A comparison of alternative splicing probabilities at the +4 and −4 positions may also provide insights into the possibility of regulation. At the +4 position we determined one of the lowest probabilities measured within the series tested (0.34%) (Fig. 1B). Combined with the statistics that 75% of all alternative splice sites have a lower U1 snRNP binding potential (Table 2), these observations are more consistent with the proposal that specific activation of these events occur, and therefore, suggest regulation. A similar analysis for the −4 position is even less clear cut, because the probability of alternative 5′-splice-site activation at this position is significantly higher compared to the frequency at the +4 position (6.1% at −4 versus 0.34% at +4; p < 0.0025) (Fig. 1B), and only 67% of all alternative splice sites have a lower U1 snRNP binding potential (Table 2). However, the mutability analysis described above demonstrated that for the group of alternative splice sites using GU dinucleotides, splice-site selection pressures also contribute to the sequence context at the alternative splice site. In summary, these considerations suggest that some alternative 5′-splice-site selection events 4 nt from the dominant splice site may likely be under regulatory control.

Alternative 3′-splice-site selection

Splicing to the 3′-splice site by the spliceosome depends on three sequence elements; the 3′-splice-site consensus, which is designated by the trinucleotide YAG, the polypyrimidine tract immediately upstream of the intron/exon junction, and the branch-site sequence upstream from the polypyrimidine tract (Reed 2000). Depending on the location with respect to the dominant splice site, our analysis of alternative 3′-splice sites suggests different populations of alternative splicing events (Fig. 3A). The most common alternative splice sites activated are located within 6 nt of the dominant 3′-splice site. However, alternative AG activation close to the dominant splice site occurs more frequently within the exon than the intron, presumably because the requirement for a polypyrimidine tract immediately upstream from the dominant intron/exon junction lowers the representation of AG dinucleotides within this region.

FIGURE 3.

FIGURE 3.

Distribution of alternative 3′-splice sites relative to the dominant splice site. (A) The frequency of alternative 3′-splice-site activation is shown in nucleotide resolution. The X-axis indicates the nucleotide distance between alternative and dominant splice sites. The Y-axis indicates the number of alternative splice sites. The dashed line indicates that the Y-scale is split. (B) The plot represents the probability that a YAG is activated as an alternative splice site. Each point was calculated by dividing the number of alternative splice-site usage events at a particular distance from the dominant splice site by the total number of times YAG occurs at that same distance from splice sites within the human genome (∼125,000 exons). YAG occurs in >95% of alternative and constitutive splice sites. The Y-axis is shown in log scale.

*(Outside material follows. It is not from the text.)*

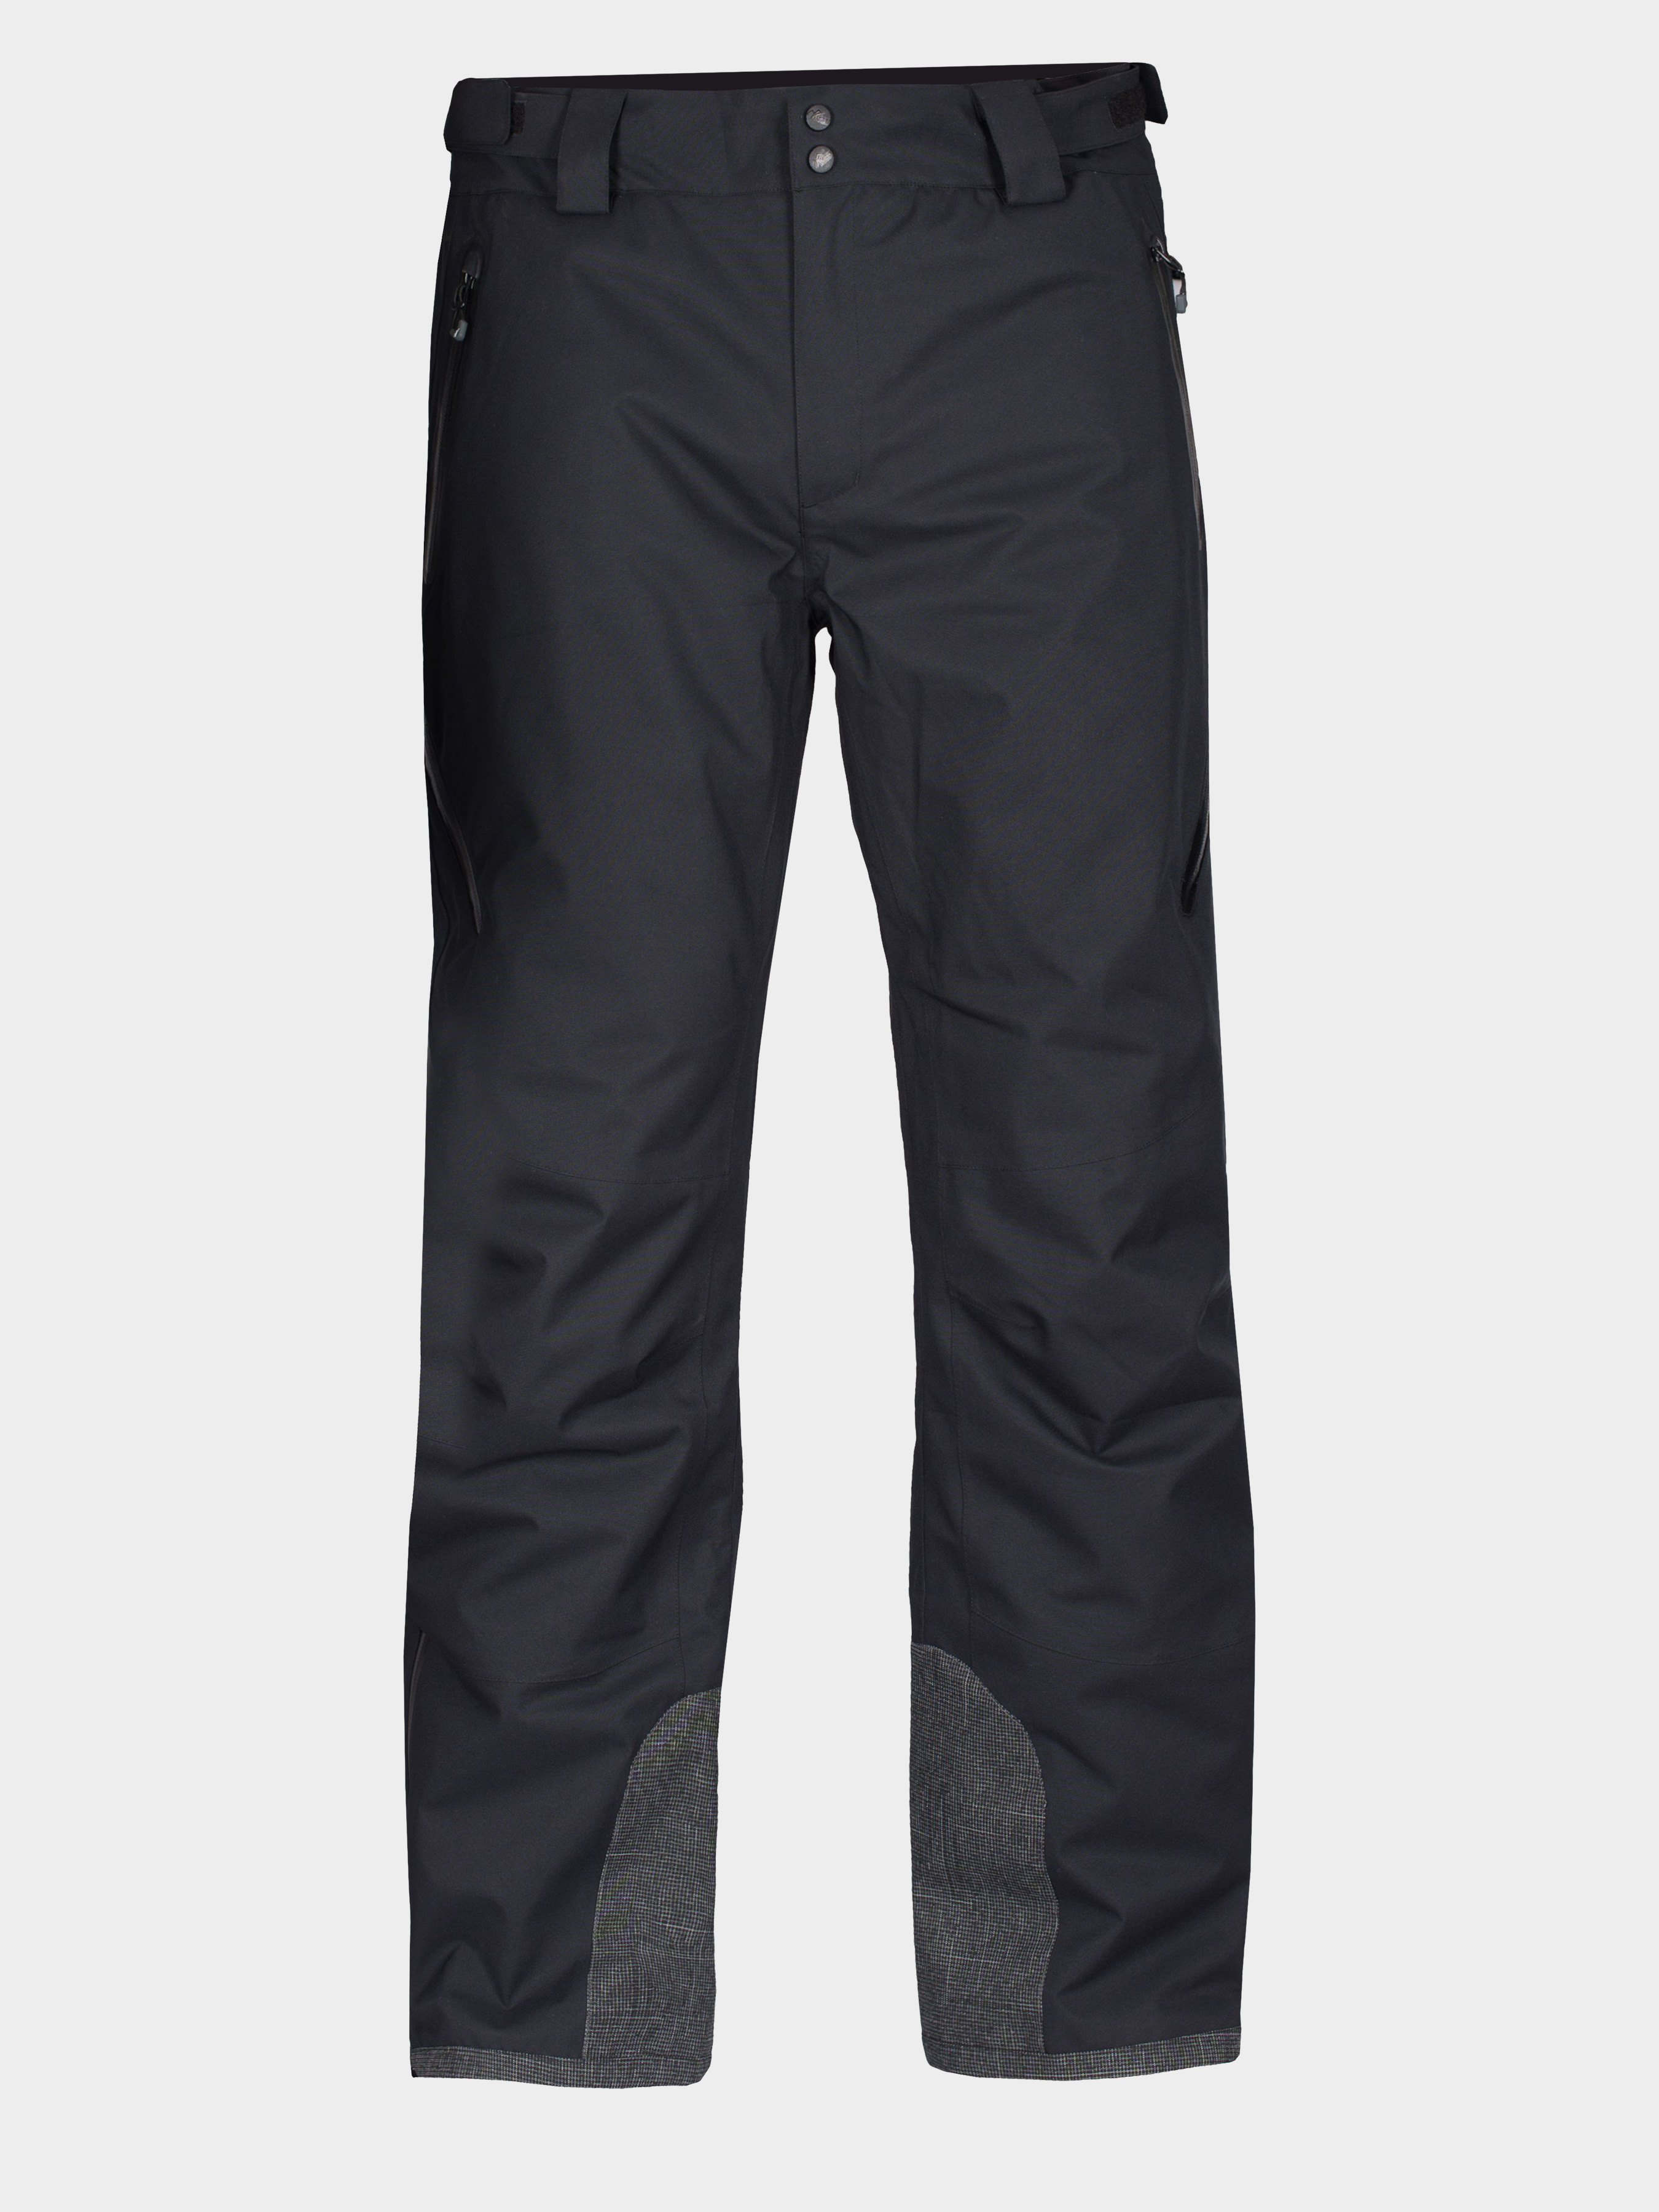 Брюки мужские модель ACSP-170101, Черный  - купить со скидкой

To determine the probability of alternative 3′-splice-site activation upstream or downstream of the dominant splice site, we computed the fraction of EST-verified alternative splicing events utilizing YAG over the total number of YAG trinucleotides that are found at every position within the human genome (Fig. 3B). Extending previous findings (Hiller et al. 2004), the most frequent alternative AG utilization was observed 3 nt on either side of the dominant splice site. However, if an alternative YAG is located within the polypyrimidine tract, there is a significantly greater probability that it will be used than if it is the same distance from the dominant splice site in the downstream direction.

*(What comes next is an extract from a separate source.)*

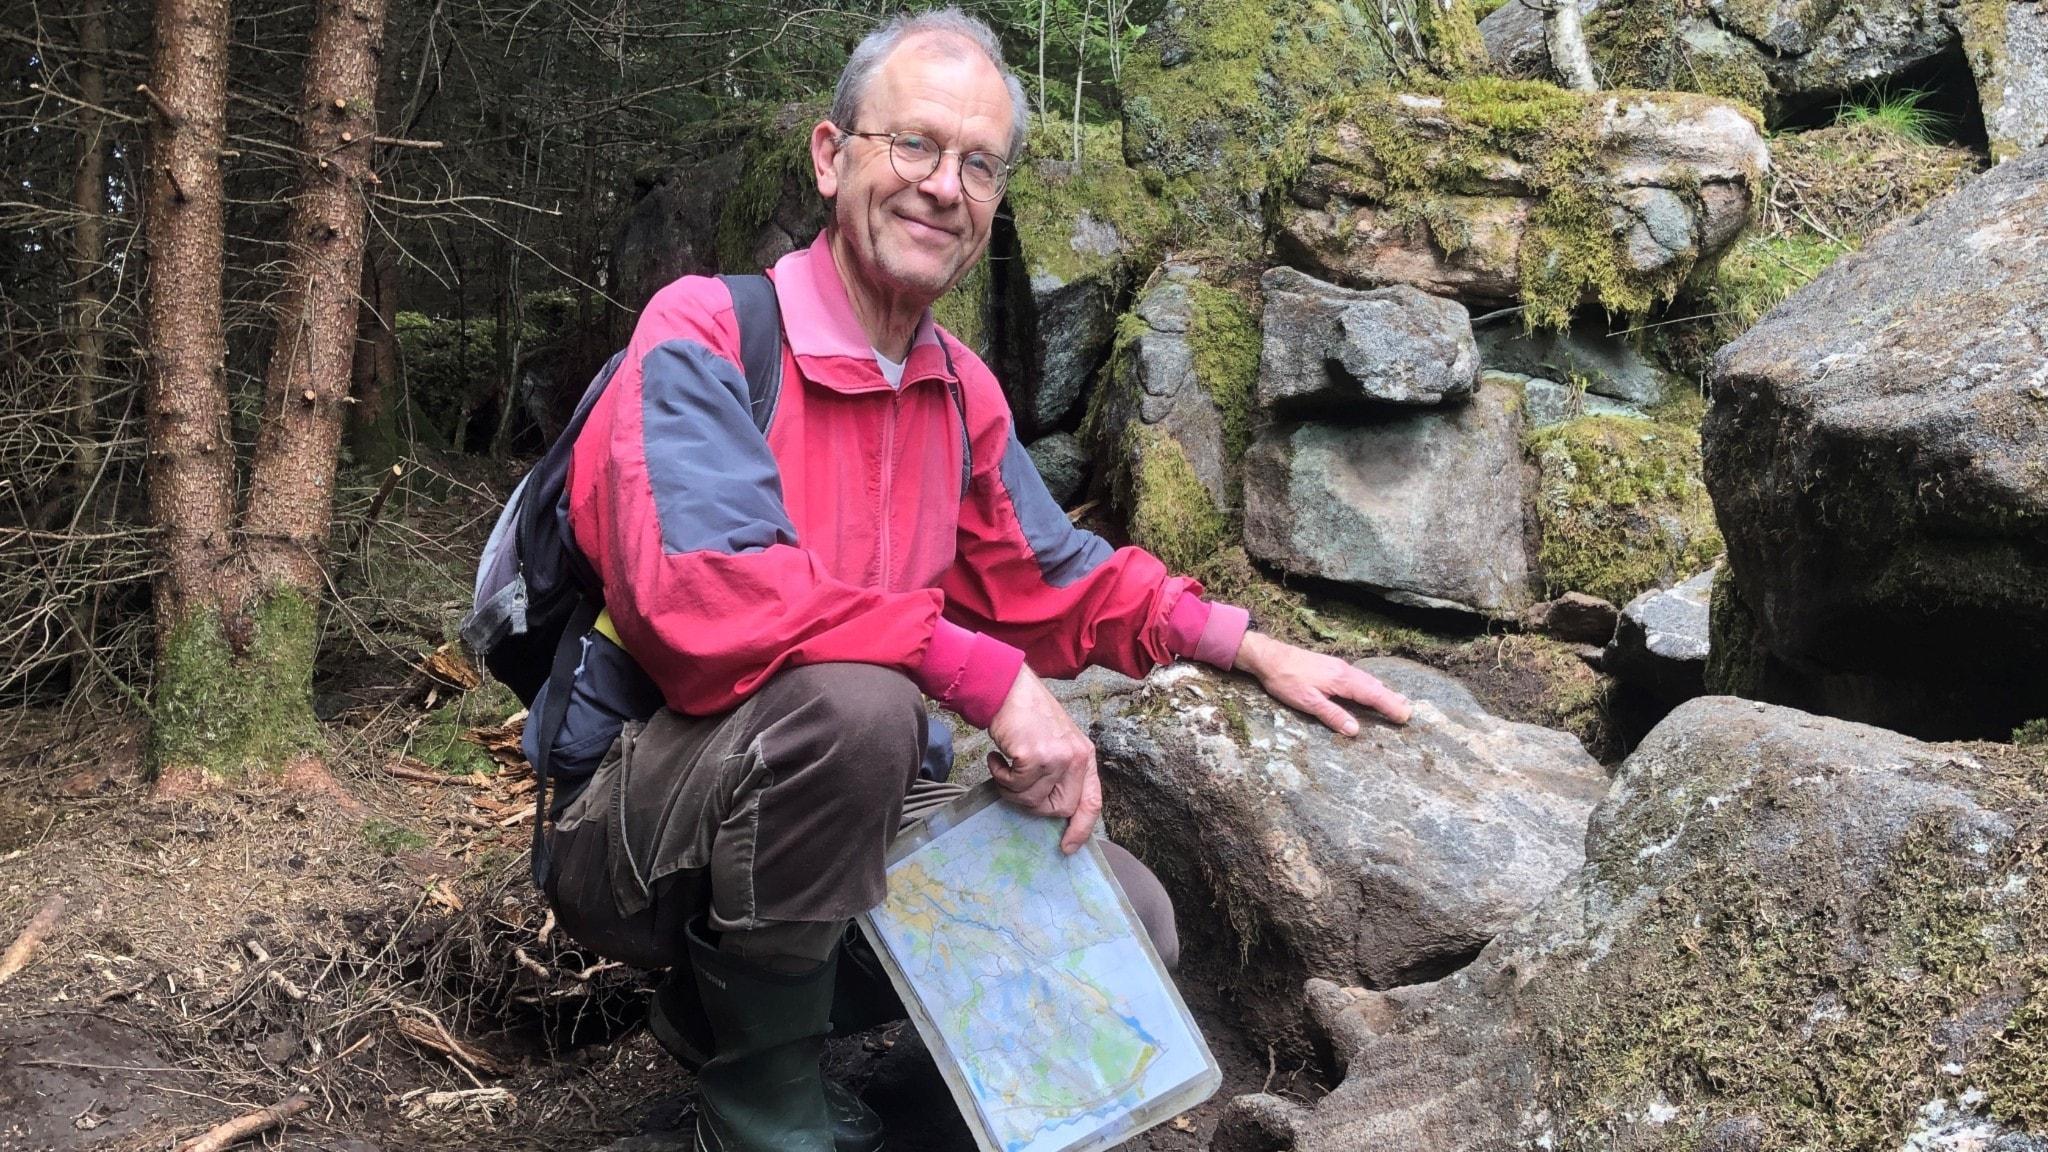 Han fann bronsåldersskatten utanför Alingsås

Interactions of U2AF with the polypyrimidine tract and U2 snRNP with the branch site are essential for initial splice-site recognition (Black 2003). In many cases, the small subunit of U2AF interacts with the AG dinucleotide at the intron/exon junction (Merendino et al. 1999; Wu et al. 1999; Zorio and Blumenthal 1999). However, the first step of catalysis can occur without direct involvement of the AG dinucleotide at the 3′-intron/exon junction (Anderson and Moore 1997; Hertel and Maniatis 1999). Prior to the second step of catalysis, hSlu7 and SPF45 select the AG dinucleotide at the 3′-exon/intron junction (Chua and Reed 2001; Lallena et al. 2002), while Prp8-mediated rearrangements align the upstream exon with the AG dinucleotide (Konarska et al. 2006). During this step of the splicing reaction, the AG dinucleotide is essential for proper formation of the active site.

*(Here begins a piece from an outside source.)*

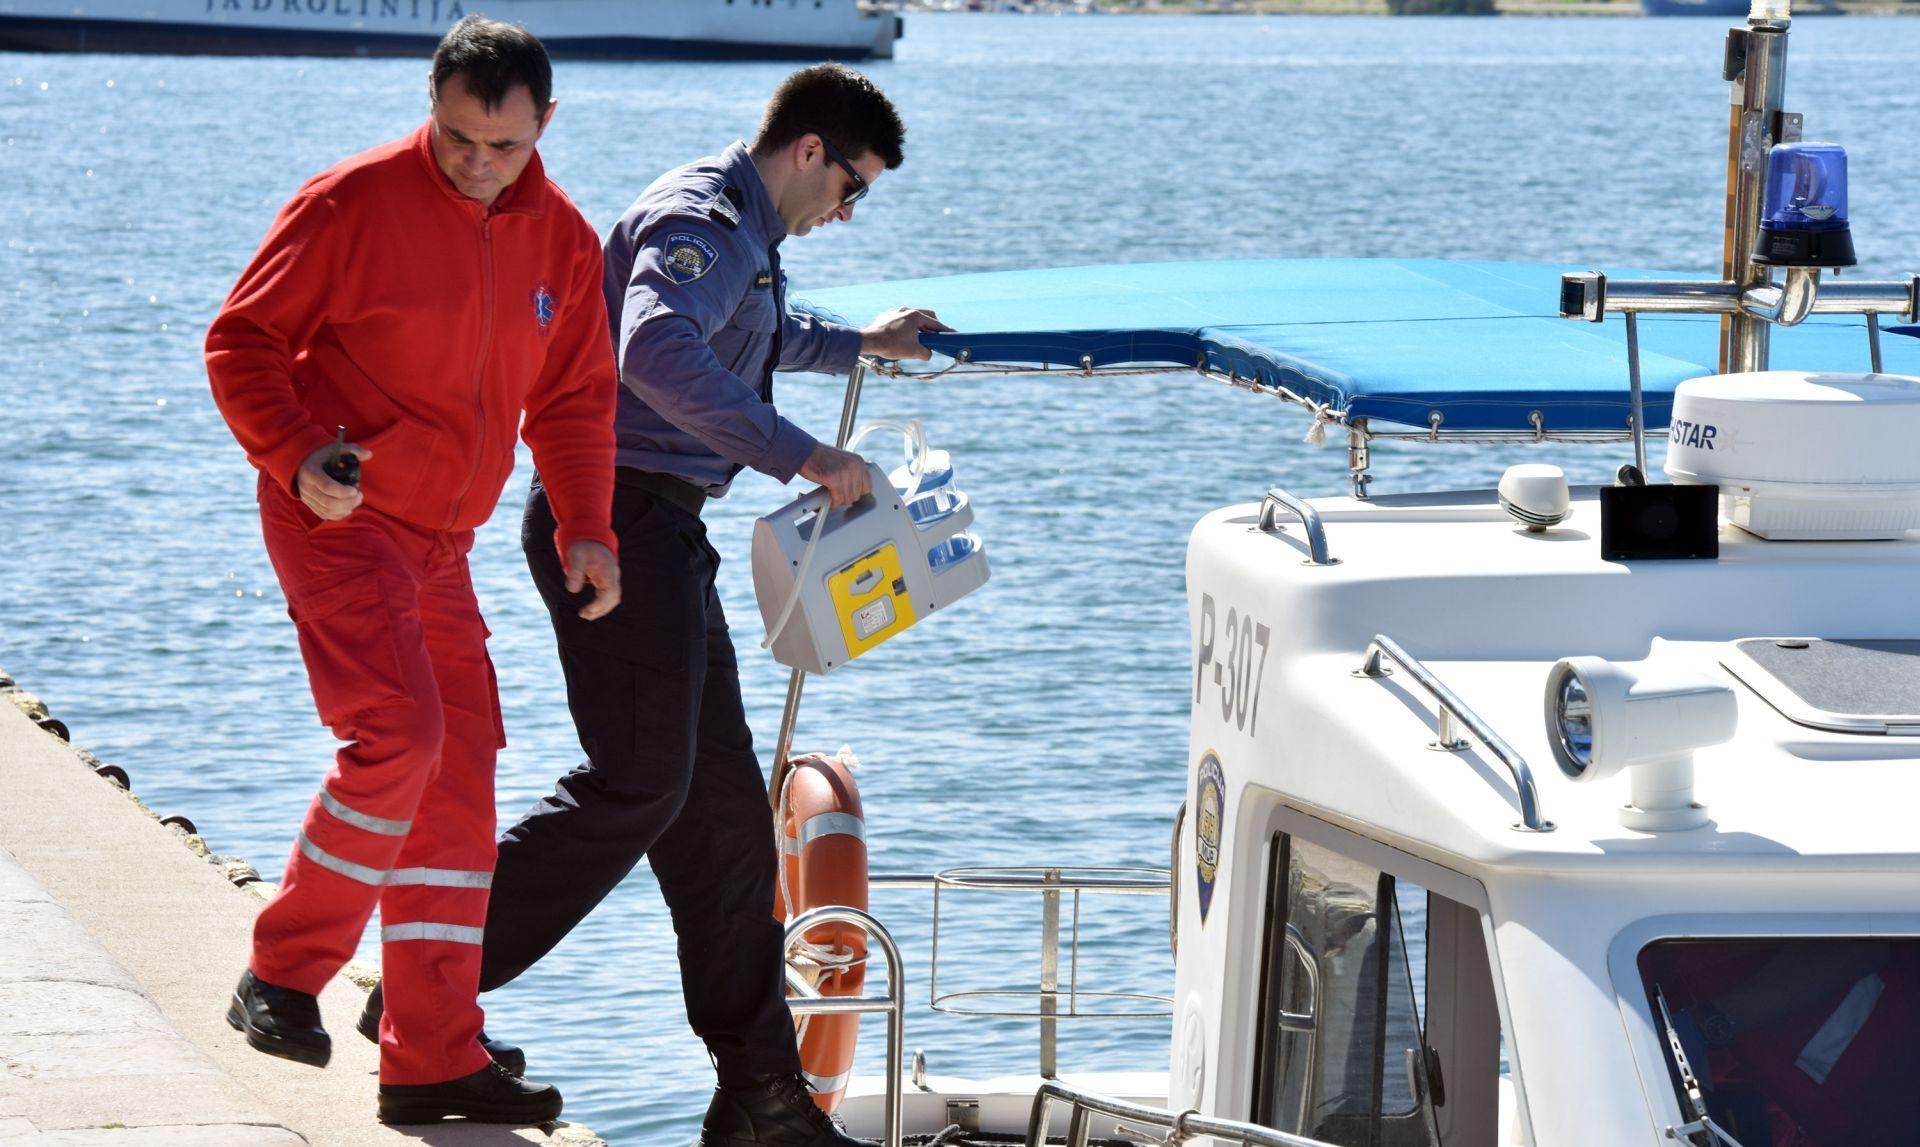 TROGIRSKI AKVATORIJ U moru pronađen mrtav muškarac

Alternative 3′-splice-site activation is usually mediated through differential U2AF binding. However, it is also possible that alternative 3′-splice-site activation within 6 nt of the dominant splice site can result from alternative AG selection and alignment during the second step of catalysis. That is, the first step of catalysis is carried out through branch-site activation of the dominant splice site, and an alternative intron/exon junction is selected during the alignment of the AG prior to the second step of catalysis (Chua and Reed 2001). Consistent with this hypothesis is the observation that the alternative 3′-splice sites that are located within 8 nt downstream from the dominant 3′-splice site do not contain a well-defined polypyrimidine tract. However, the emergence of a second polypyrimidine tract can be observed when the distance between the dominant and the alternative splice site increases past 8 nt (Figs. 4, 5) This trend is mirrored when evaluating the nucleotide bias at the +1 position of the dominant 3′-splice site. In general, there is a 40% prevalence of G at the +1 position (Figs. 4, 6). This bias is observed for both the alternative and dominant splice sites when the splice sites are sufficiently separated. However, the bias for G at the +1 position of the dominant splice site is lost when alternative splicing occurs near the dominant splice site, presumably because this position is under more selective pressure to favor the emergence of a polypyrimidine tract for the alternative splice site. Guanosine re-emerges as the preferred nucleotide in the +1 position of the dominant splice site after a polypyrimidine tract of sufficient length is formed for the alternative downstream splice site (Fig. 6). Although these analyses do not exclude the possibility that the selection of closely spaced splice acceptors occurs during the initial steps of exon definition, alternative selection of the AG dinucleotide prior to the second step of catalysis constitutes an attractive model to explain the distinct populations of alternative AG selection as observed in Figure 3A.

FIGURE 4.

FIGURE 4.

Alignment of alternative downstream 3′-splice sites. Sequence comparison of constitutive 3′-splice sites (top) with alternative splice-site activation events at positions ranging from +3 to +12 nt from the dominant splice site. The green bars indicate exon sequences of the dominant splice site. The red dashed bars designate exon sequences of the alternative splice site. The numbers to the right indicated the sample size used to generate the sequence pictograms.

FIGURE 5.

FIGURE 5.

Pyrimidine content between dominant and alternative downstream 3′-splice sites. The average pyrimidine content (Y-axis) was calculated for nucleotides between the dominant and alternative 3′-splice sites and correlated to the nucleotide difference between the alternative splice sites (X-axis). The dashed line represents the average pyrimidine content of constitutively spliced 3′-splice sites. The sequence information required for this analysis was taken from the same data set as described for Figure 4.

FIGURE 6.

FIGURE 6.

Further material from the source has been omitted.